On World Mental Health Day it seems a good time to consider how the work of educational psychologists can support the mental health of children and young people in our schools. Recent media coverage has focused upon a mental health “crisis” and the lack of services to support children and young people. In response to this, the government published Transforming children and young people’s mental health provision: a green paper.

Educational psychologists are mentioned once in the green paper; however, our profession has a crucial role to play, particularly with regards to a “whole school” approach (which is only briefly referred to). The school is a unique social system, and we need to harness its power in order to provide a broad approach to promoting good mental health, rather than focusing only on treatment.

The need to situate mental health promotion and early intervention approaches within education and community settings was highlighted recently in the University of Birmingham Mental Health Policy Commission’s “Building a resilient generation” report. Here it was proposed that, while interventions for existing problems are important, equal weight must be placed on creating a supportive environment where children and young people can flourish. Among their proposals, they suggest implementing whole-school approaches such as universal social and emotional learning programs, anti-bullying initiatives, and reducing the impact of Adverse Childhood Experiences (ACEs).

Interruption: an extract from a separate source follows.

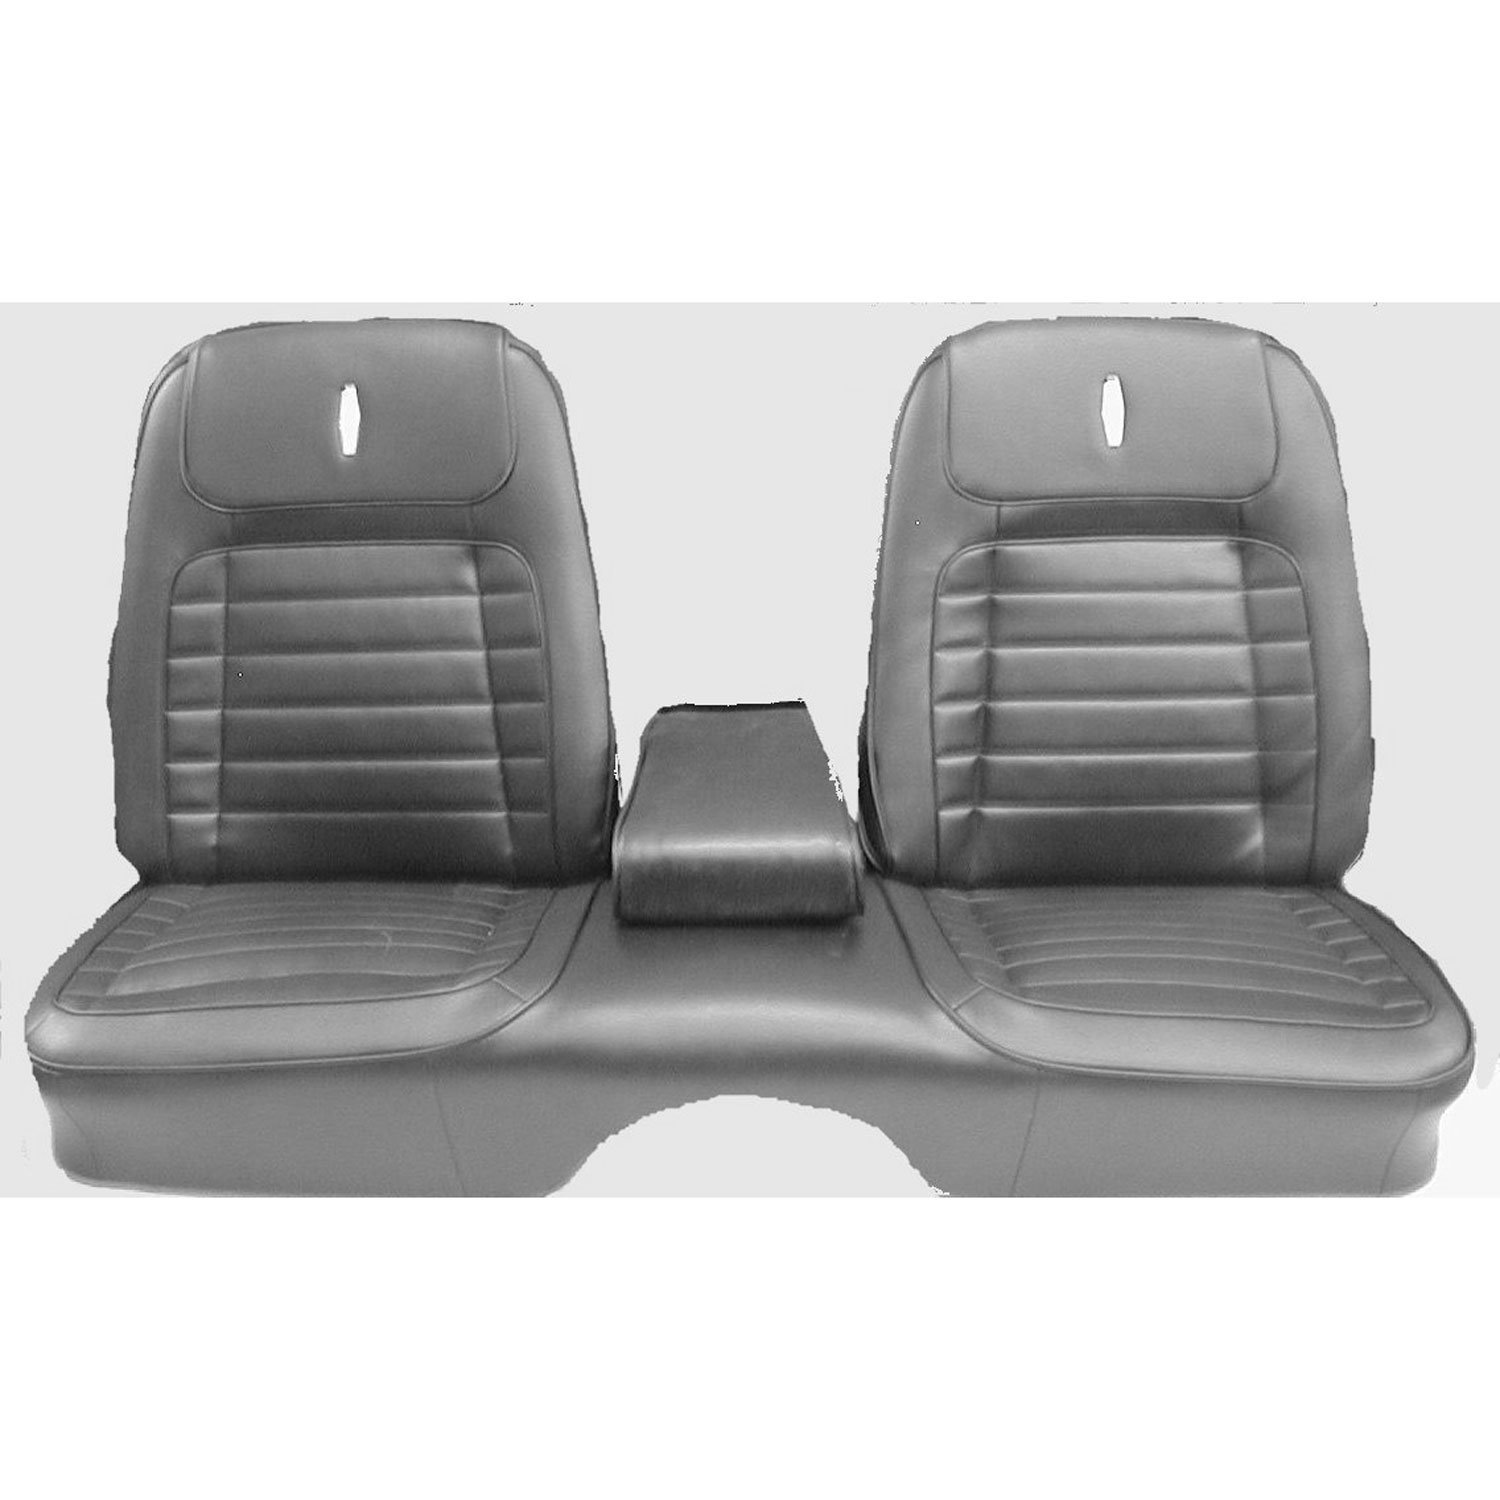 Deluxe Bench Seat Cover with Armrest 1968 Camaro

So where might educational psychologists fit in? We are a profession in an ideal position to be leading the implementation of such work, thus supporting schools to become universally empathic, attuned environments for all. Our understanding of child development, mental health and the school context means that we should be the ‘go-to’ profession. Either our statutory role should be extended beyond assessments for EHC plans, or schools should receive greater funding to buy-in our services for such work.

Here are some examples of how educational psychologists could (and do) promote the whole-school approach:

  • We support schools to select and implement universal mental health initiatives (for example ‘Social and emotional learning’ and anti-bullying programs)
  • We train school staff, to increase understanding of mental health, and to support them to respond appropriately to CYP in distress.
  • We train school staff in understanding attachment and ACEs, and how this can inform the development of empathic, attuned relationships between staff and their pupils.
  • We support staff wellbeing, with work ranging from universal staff wellbeing initiatives, to staff supervision. Working closely with senior leads is everyday work for an educational psychologist; we are ideally positioned to provide direct support for the proposed ‘School Mental Health Lead’.
  • We use our research skills to help schools to evaluate interventions and develop provision.
  • For a small number of young people we can offer therapeutic interventions that are based in the school rather than a more stigmatising context.

The government’s proposal to deliver more evidence-based interventions for those at risk should help some young people. However, there is more to mental health than responding to symptoms, and therefore we need a coherent system, with specialist intervention at one end, and the promotion of a mentally healthy ‘whole-school’ environment at the other. Educational psychologists are uniquely positioned to play a vital role in achieving this.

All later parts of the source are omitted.